Understanding Latent Neural Spaces

https://www.sfdatainstitute.org/

Experiments

  1. Add one airport into manual embedding
  2. Add one airport description here and let it train into embedding

More notebooks

  • TODO: AE notebooks incl advanced

In [1]:
import tensorflow as tf
tf.logging.set_verbosity(tf.logging.ERROR)
print(tf.__version__)


1.13.0-rc1

Challenge: You have a couple of airports and want to bring them into a numerical representation to enable processing with neural networks.
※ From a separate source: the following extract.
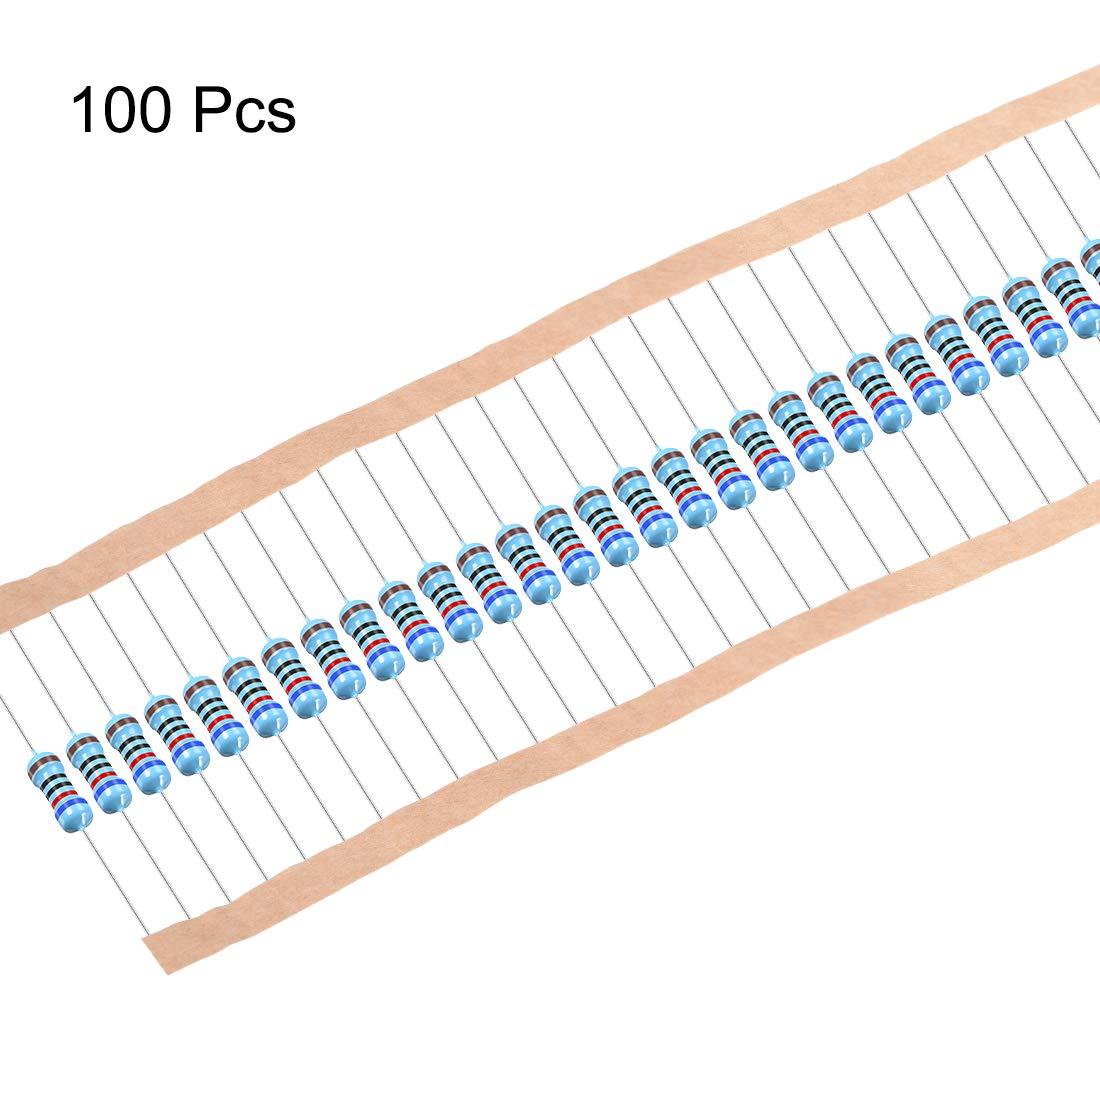 sourcing map 1//2W 1K Ohm Metal Film Resistors 0.5W 1/% Tolerances 5 Color Bands 100 Pcs
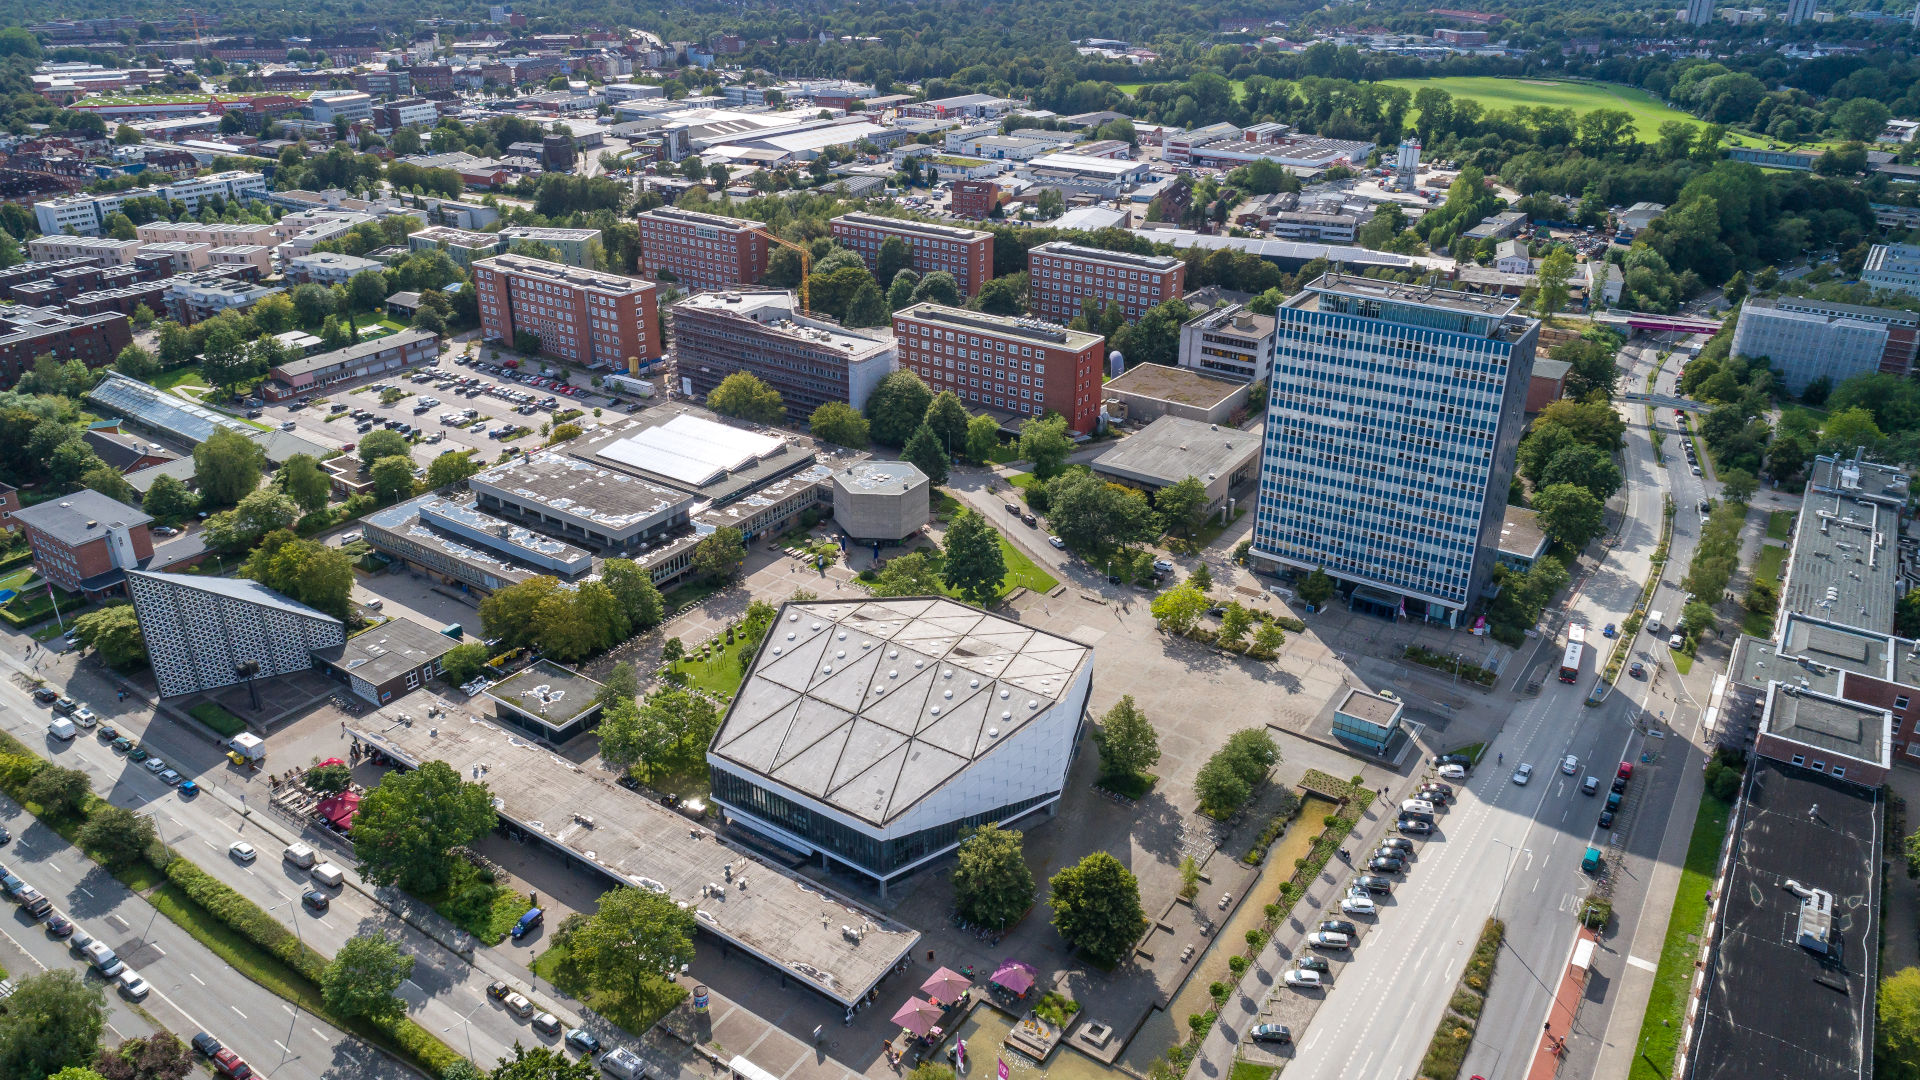 Kiel, Blick auf den Christian-Albrechts-Platz mit Uni-Hochhaus und weiteren Gebäuden

How do you do that?


In [0]:
# https://en.wikipedia.org/wiki/List_of_busiest_airports_by_passenger_traffic

airports = {
 'HAM': ["germany europe regional", 18],
 'TXL': ["germany europe regional", 21],
 'FRA': ["germany europe hub", 70],
 'MUC': ["germany europe hub", 46],
 'CPH': ["denmark capital scandinavia europe hub", 29],
 'ARN': ["sweden capital scandinavia europe regional", 27],
 'BGO': ["norway scandinavia europe regional", 6],
 'OSL': ["norway capital scandinavia europe regional", 29],
 'LHR': ["gb capital europe hub", 80],
 'CDG': ["france capital europe hub", 72],
 'SFO': ["usa california regional", 58],
 'IAD': ["usa capital regional", 21],
 'AUS': ["usa texas regional", 16],
 'EWR': ["usa new_jersey hub", 46],
 'JFK': ["usa new_york hub", 62],
 'ATL': ["usa georgia hub", 110],
 'STL': ["usa missouri regional", 16],
 'LAX': ["usa california hub", 88]
}

In [0]:
airport_names = list(airports.keys())
airport_numbers = list(range(0, len(airports)))
airport_to_number = dict(zip(airport_names, airport_numbers))
number_to_airport = dict(zip(airport_numbers, airport_names))
airport_descriptions = [value[0] for value in list(airports.values())]
airport_passengers = [value[1] for value in list(airports.values())]

Encode Texts in multi-hot frequency


In [4]:
tokenizer = tf.keras.preprocessing.text.Tokenizer()
tokenizer.fit_on_texts(airport_descriptions)
description_matrix = tokenizer.texts_to_matrix(airport_descriptions, mode='freq')

aiport_count, word_count = description_matrix.shape
dictionary_size = word_count
aiport_count, word_count


Out[4]:
(18, 20)

In [0]:
x = airport_numbers
Y = description_matrix

2d embeddings


In [6]:
%%time

import matplotlib.pyplot as plt


import tensorflow as tf
from tensorflow import keras
from tensorflow.keras.layers import Flatten, GlobalAveragePooling1D, Dense, LSTM, GRU, SimpleRNN, Bidirectional, Embedding
from tensorflow.keras.models import Sequential, Model

from tensorflow.keras.initializers import glorot_normal
seed = 3

input_dim = len(airports)
embedding_dim = 2

model = Sequential()

model.add(Embedding(name='embedding',
                    input_dim=input_dim, 
                    output_dim=embedding_dim, 
                    input_length=1,
                    embeddings_initializer=glorot_normal(seed=seed)))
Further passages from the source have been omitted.